● **REQUIRED ACTION**:
Output exactly, in the material below, the lines from the one with "Personal Injury Claim Timeline - Infographic" through the one with "We’re fine physically". Omit all pictures.

● **EXERCISE DATA**:
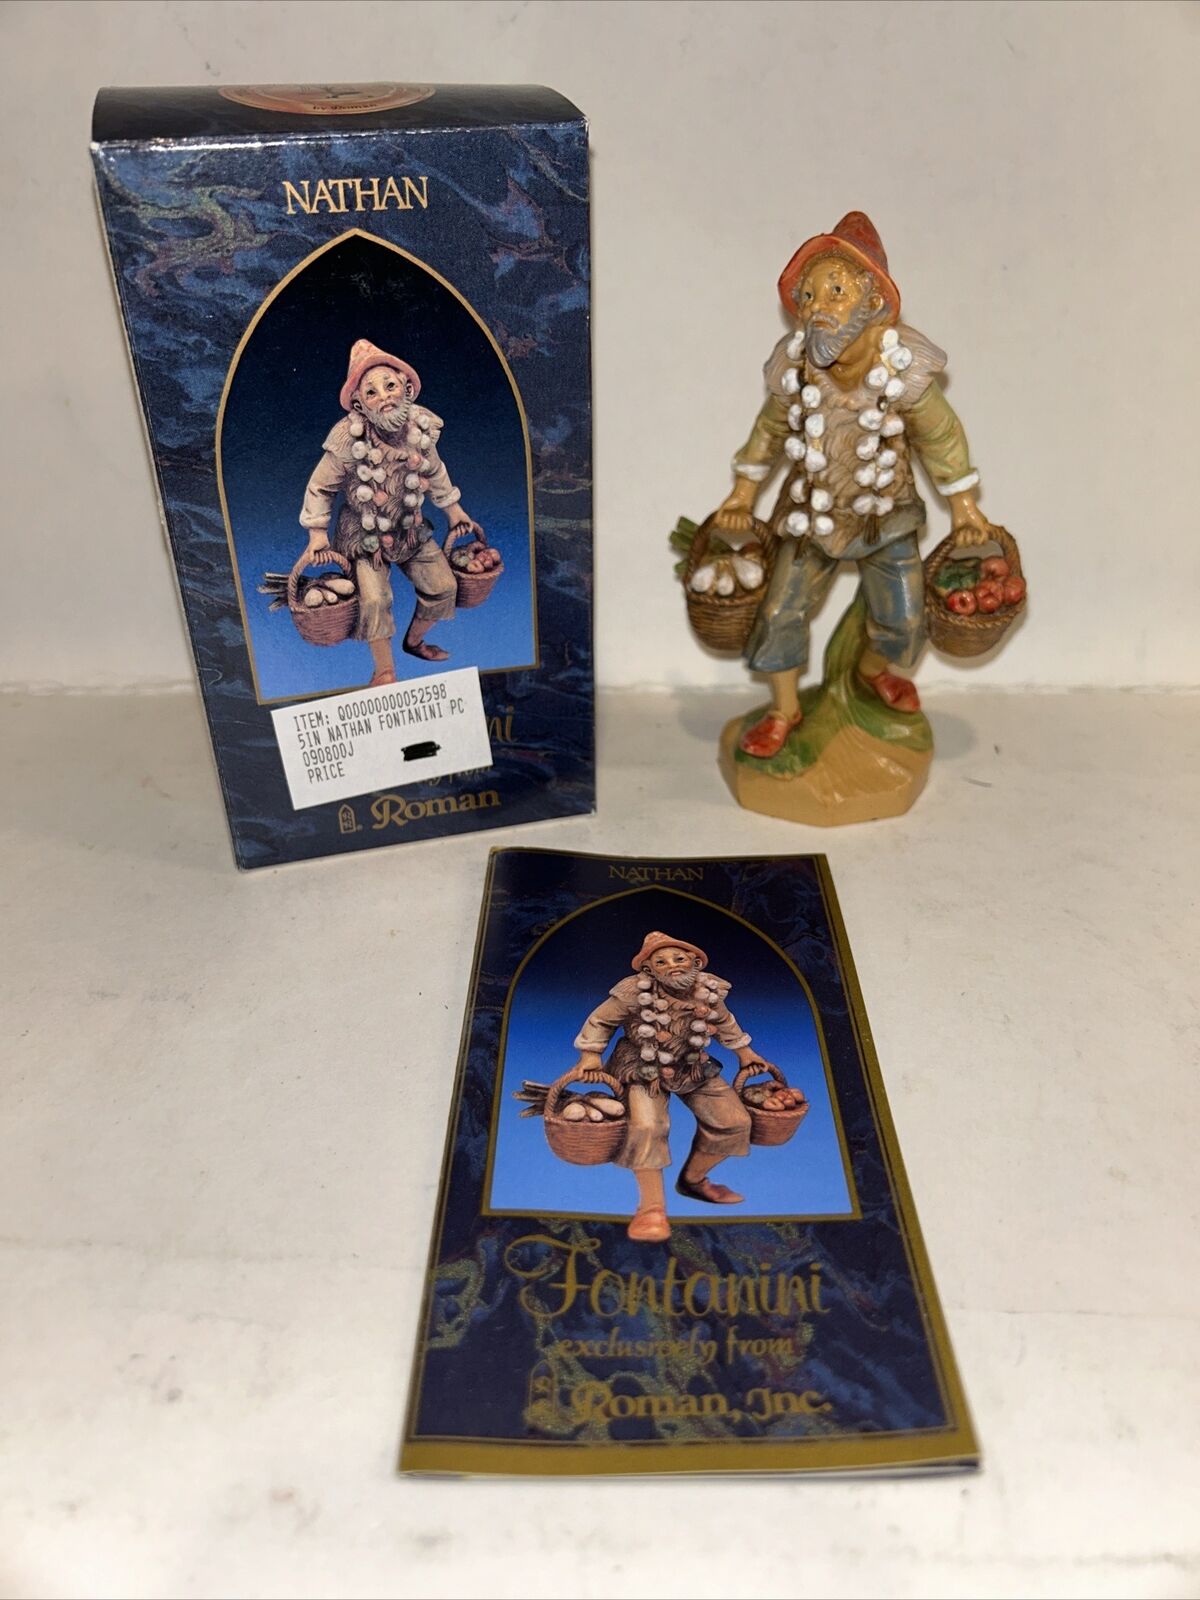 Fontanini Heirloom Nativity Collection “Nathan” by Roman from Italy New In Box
==
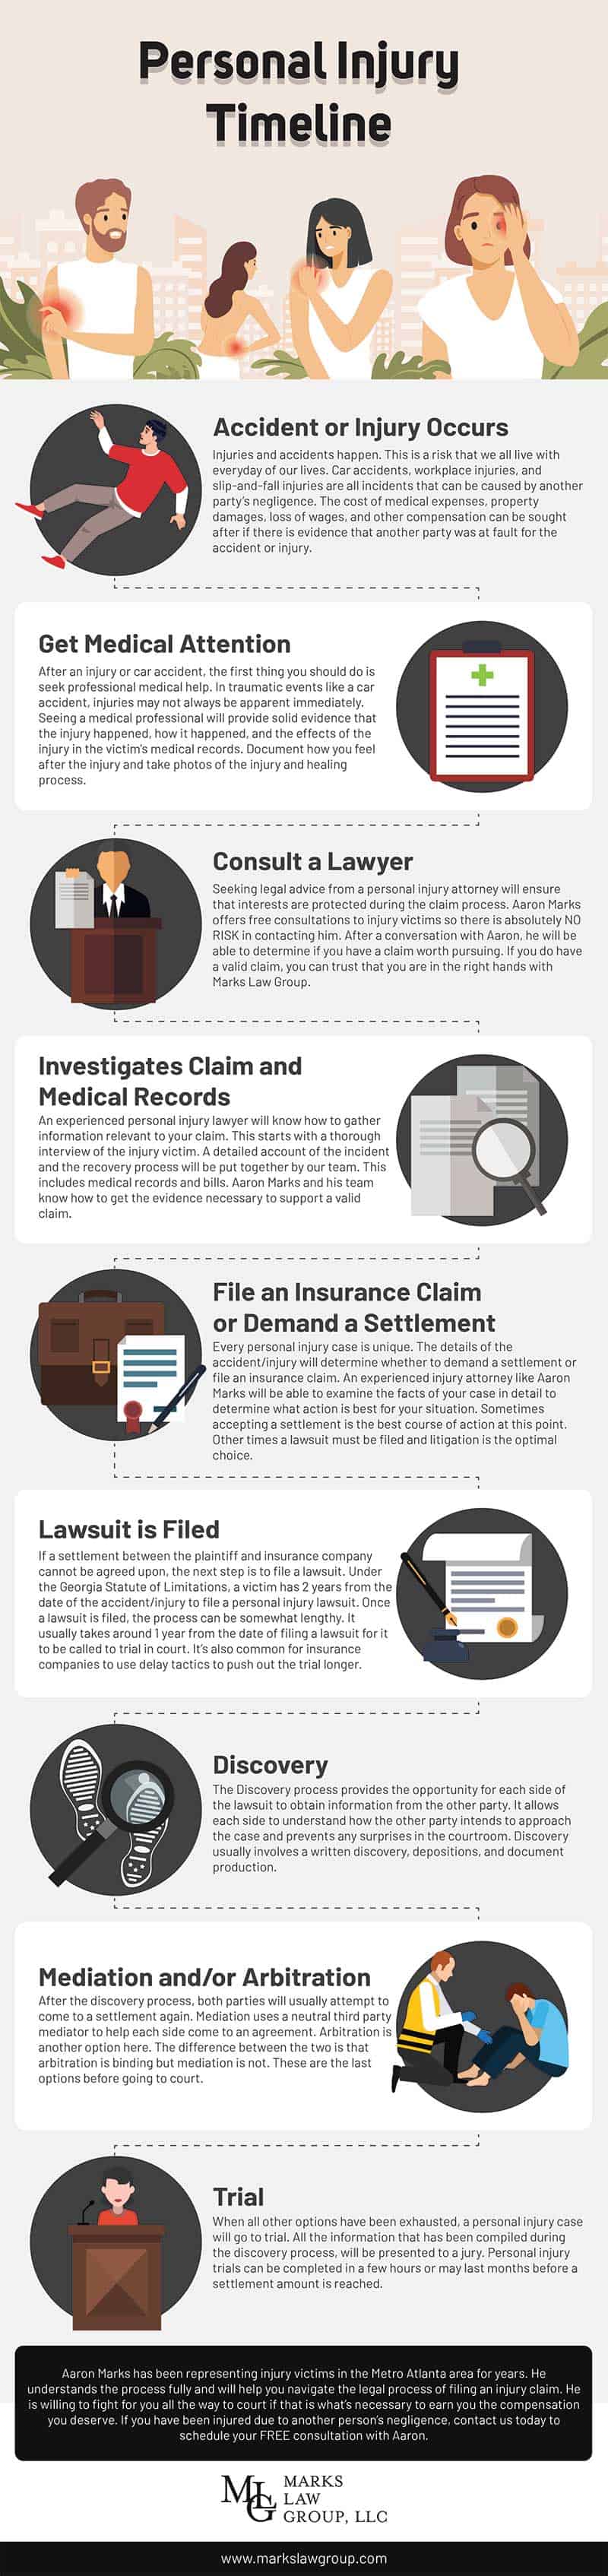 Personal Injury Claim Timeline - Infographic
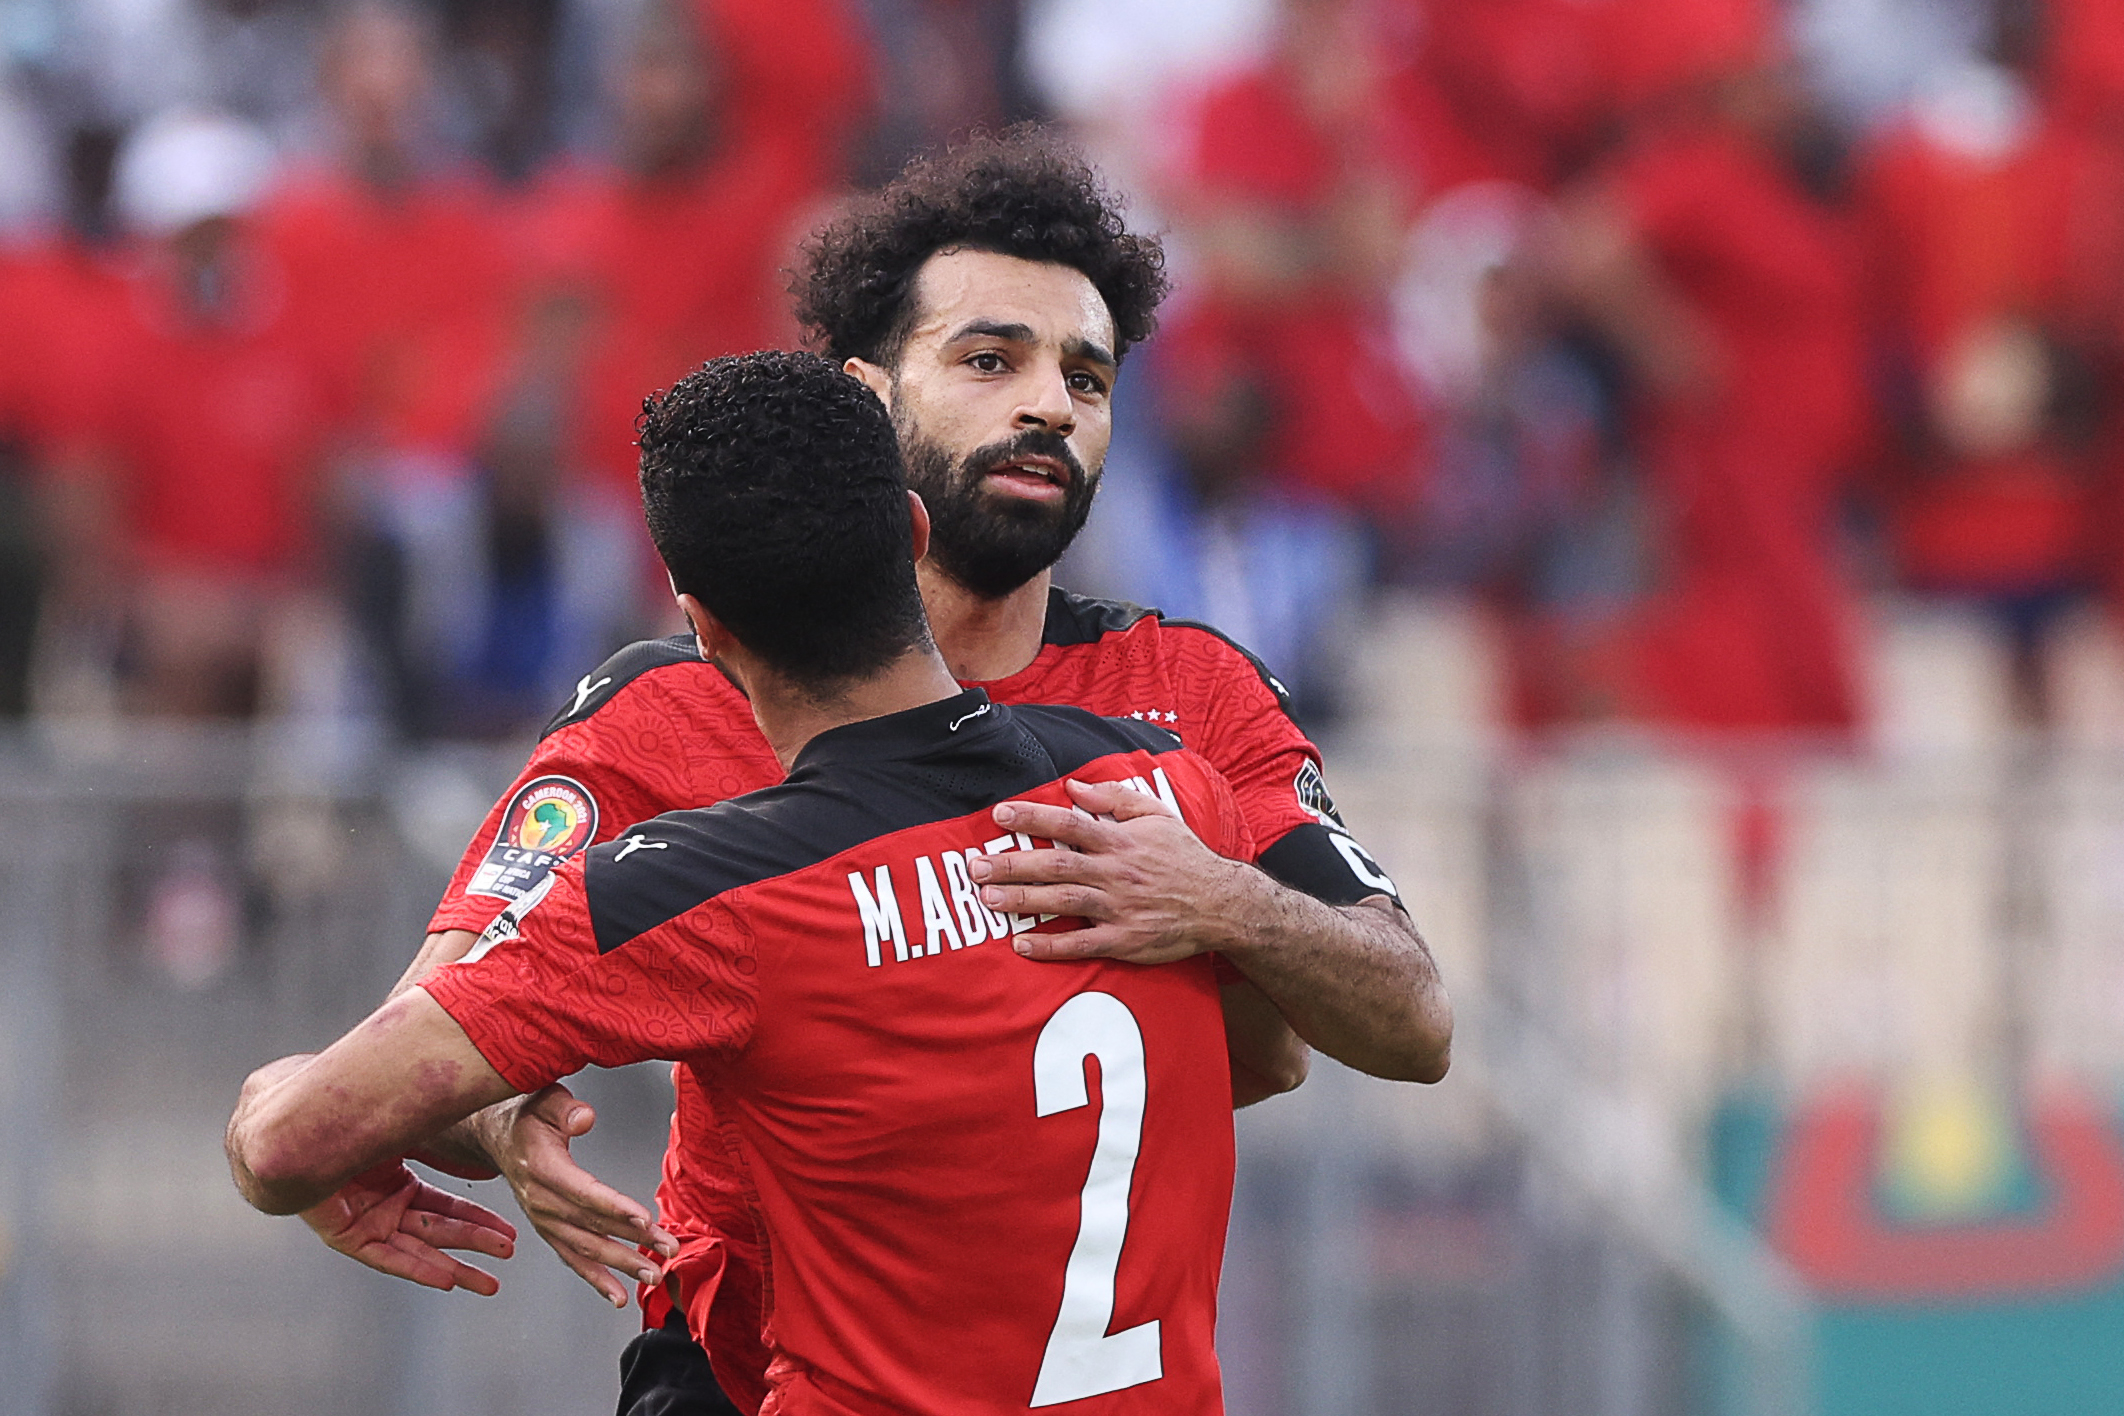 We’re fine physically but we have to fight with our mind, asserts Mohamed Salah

● **SOLUTION BELOW**:
 Personal Injury Claim Timeline - Infographic
 We’re fine physically but we have to fight with our mind, asserts Mohamed Salah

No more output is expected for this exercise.